Allow me to give some background information for my question. On another forum, a skeptic argued that Ezekiel made a false prophecy about Tyre and Egypt. Ezekiel prophesied that Tyre and Egypt would fall to the Babylonians, that did not happen, and so Ezekiel was technically a false prophet according to Deuteronomy 18:22 (or so the skeptic argued).

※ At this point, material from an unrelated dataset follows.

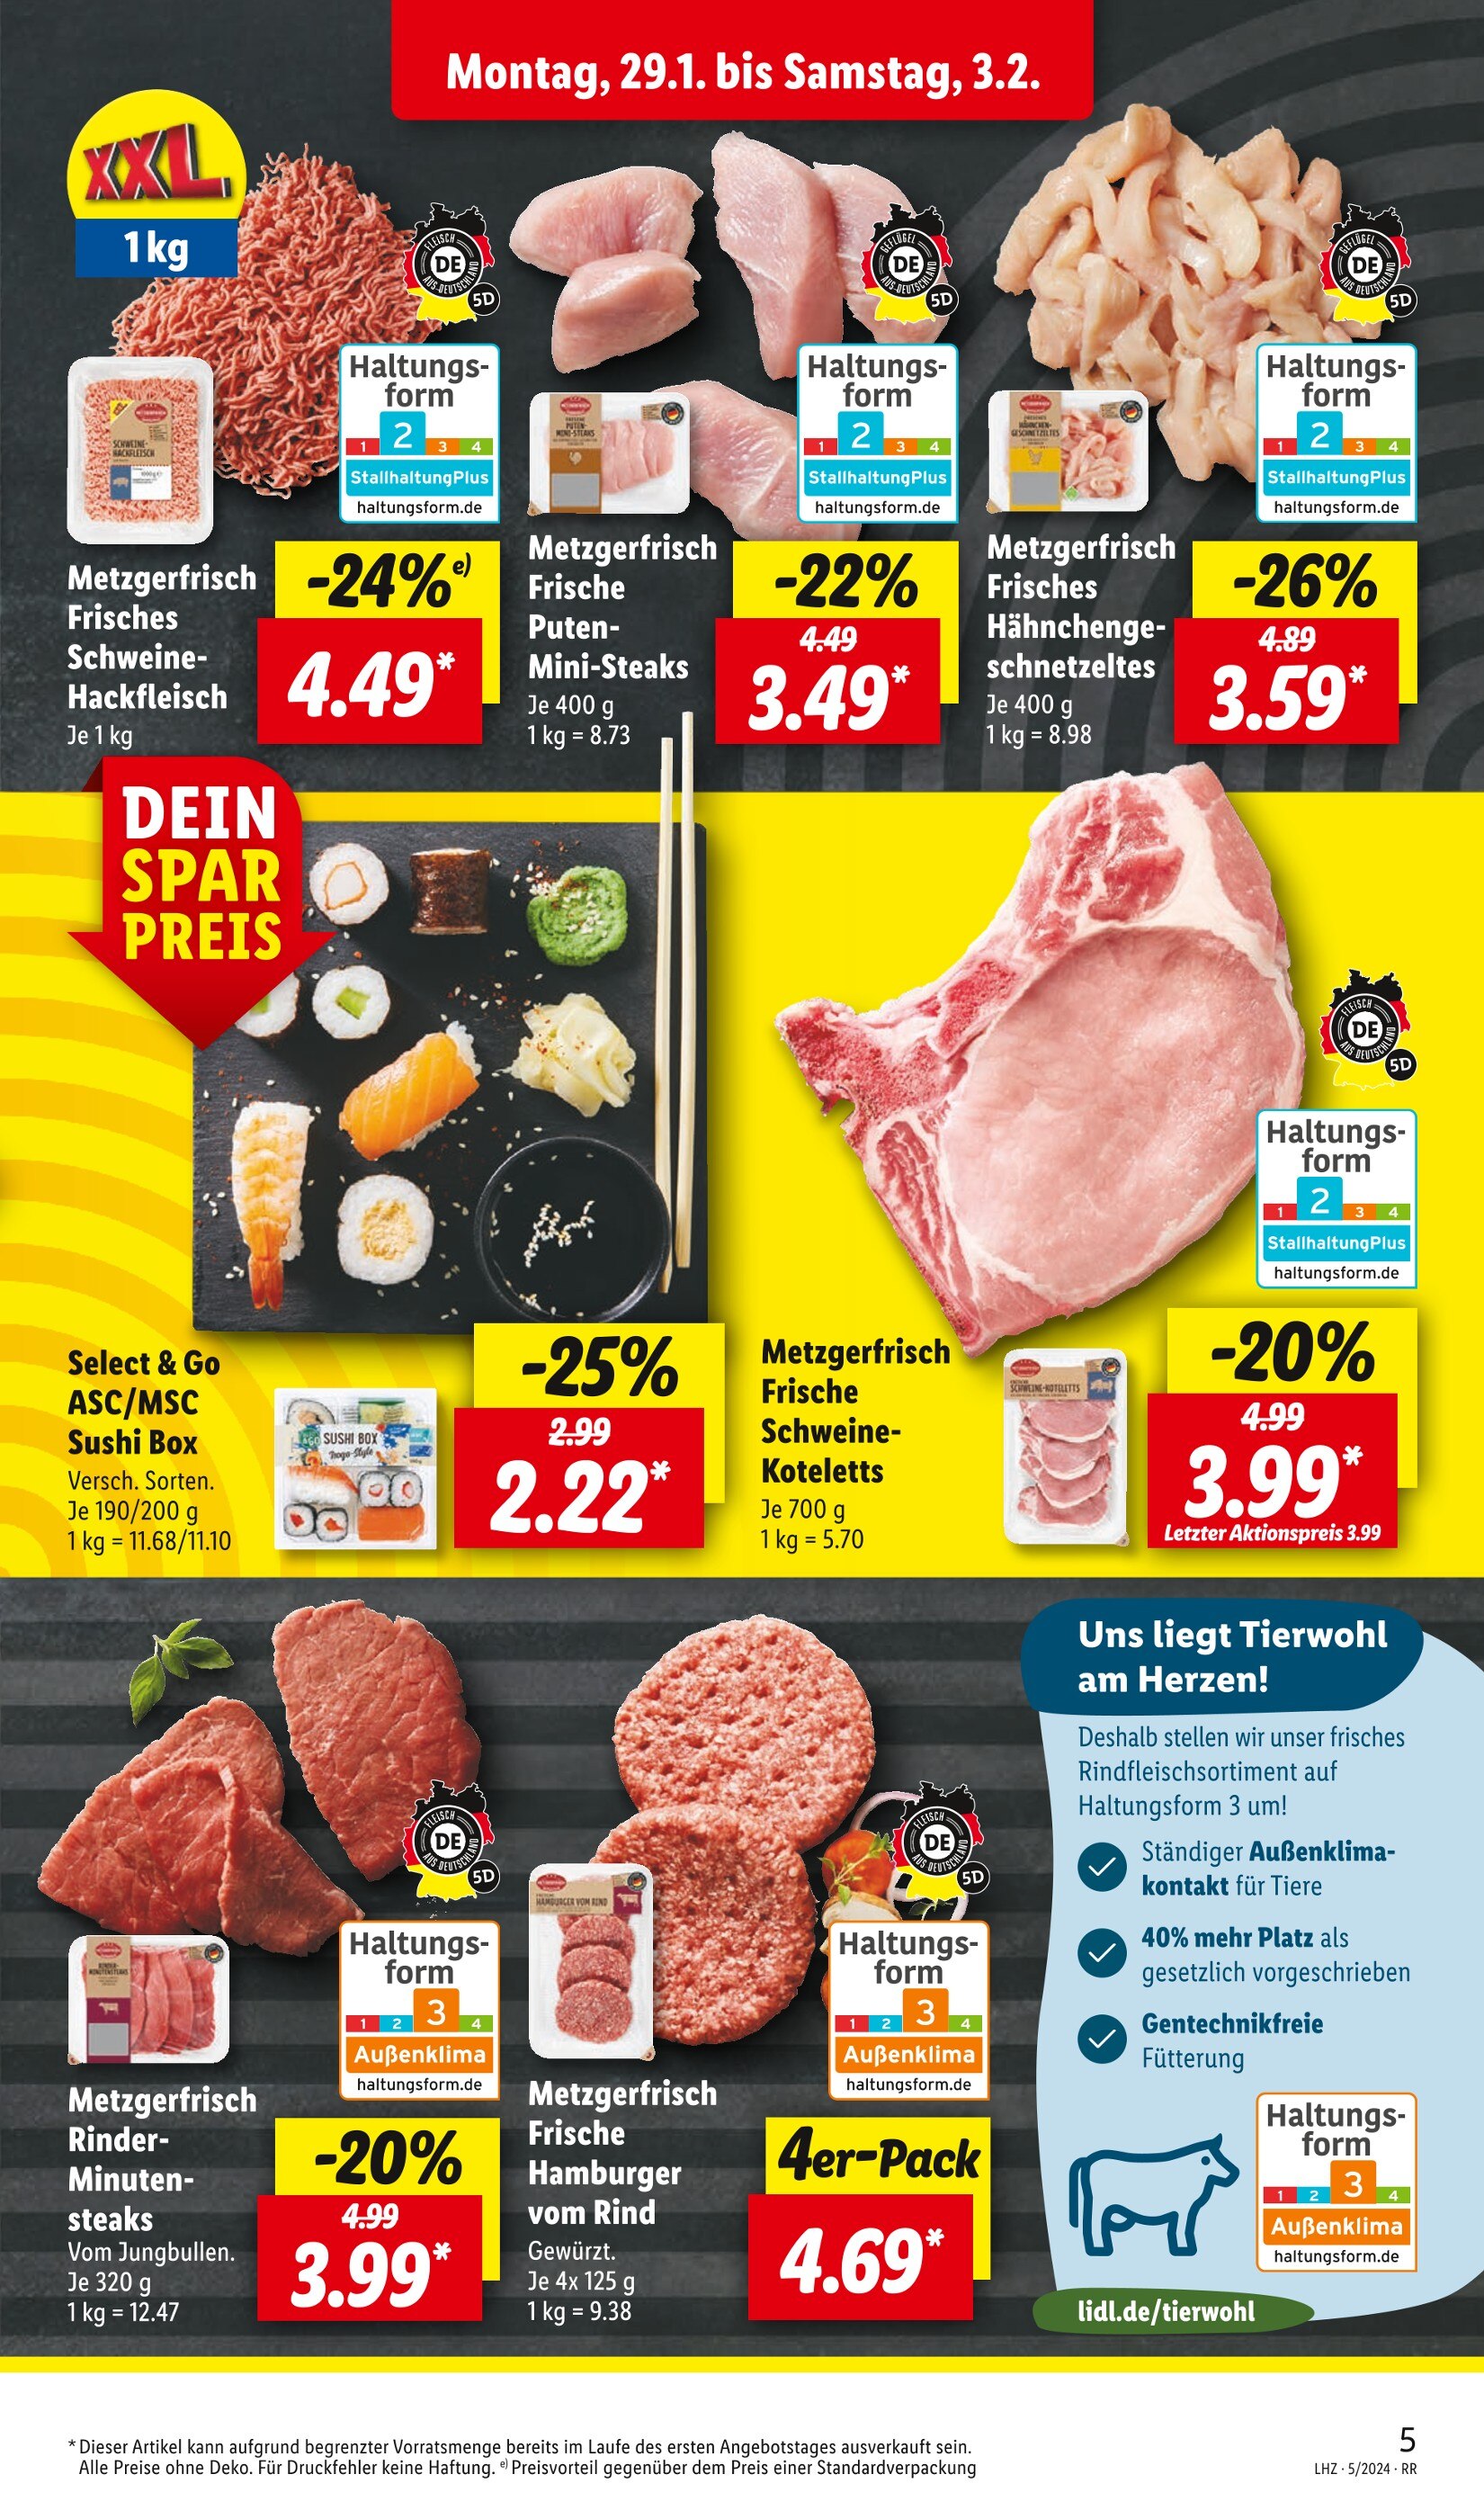 Steak in - günstig Gelsenkirchen Angebote 🔥 jetzt kaufen!

I thought about this issue some more when I was doing my daily reading and meditation on the Book of Jeremiah. In Jeremiah 43 and 46, Jeremiah predicts that Babylon under Nebuchadrezzar will conquer Egypt. My HarperCollins Study Bible, my Jewish Study Bible, and my Anchor Bible Dictionary all tell me that this did not happen, for Nebuchadrezzar failed in his attempt at conquest. On what do they base this claim? They do not say. But I did a search on the Internet (not that I rely on the Internet alone for my scholarly endeavors), and I found the claim that the Babylonians did not record that they successfully invaded Egypt. For many scholars, such an omission would indicate that they most likely did not, since conquerors in the ancient world tended to boast about their accomplishments.

But here is the interesting part: Josephus says that Nebuchadrezzar did succeed in his endeavor (Antiquities 10:182, 195). One may argue that Josephus was basing his account on the biblical prediction, but, in Against Apion 1:132-133, he says that Berosus presents Nebuchadrezzar as a conqueror of Egypt. According to Josephus, Berosus was a Chaldean who followed the ancient records of his nation in composing a history of Babylonia.

But the plot thickens: I can envision someone saying that neither Josephus nor Berosus can be trusted, since they lived long after the time of Nebuchadrezzar (at least that was a possible objection that entered my mind). But, in an article on “Edom” in the Anchor Bible Dictionary, scholar J.R. Bartlett uses Josephus (along with other sources) to draw conclusions about the relationship between Babylon and Edom in the sixth century B.C.E. (ABD, volume 2, p. 293). Josephus lived long after that time, and yet at least one biblical scholar seems to think that his works can be helpful for biblical studies (at least on this occasion).

I have not done research to see how many biblical scholars use Josephus, but my question is: Is it acceptable? Why or why not?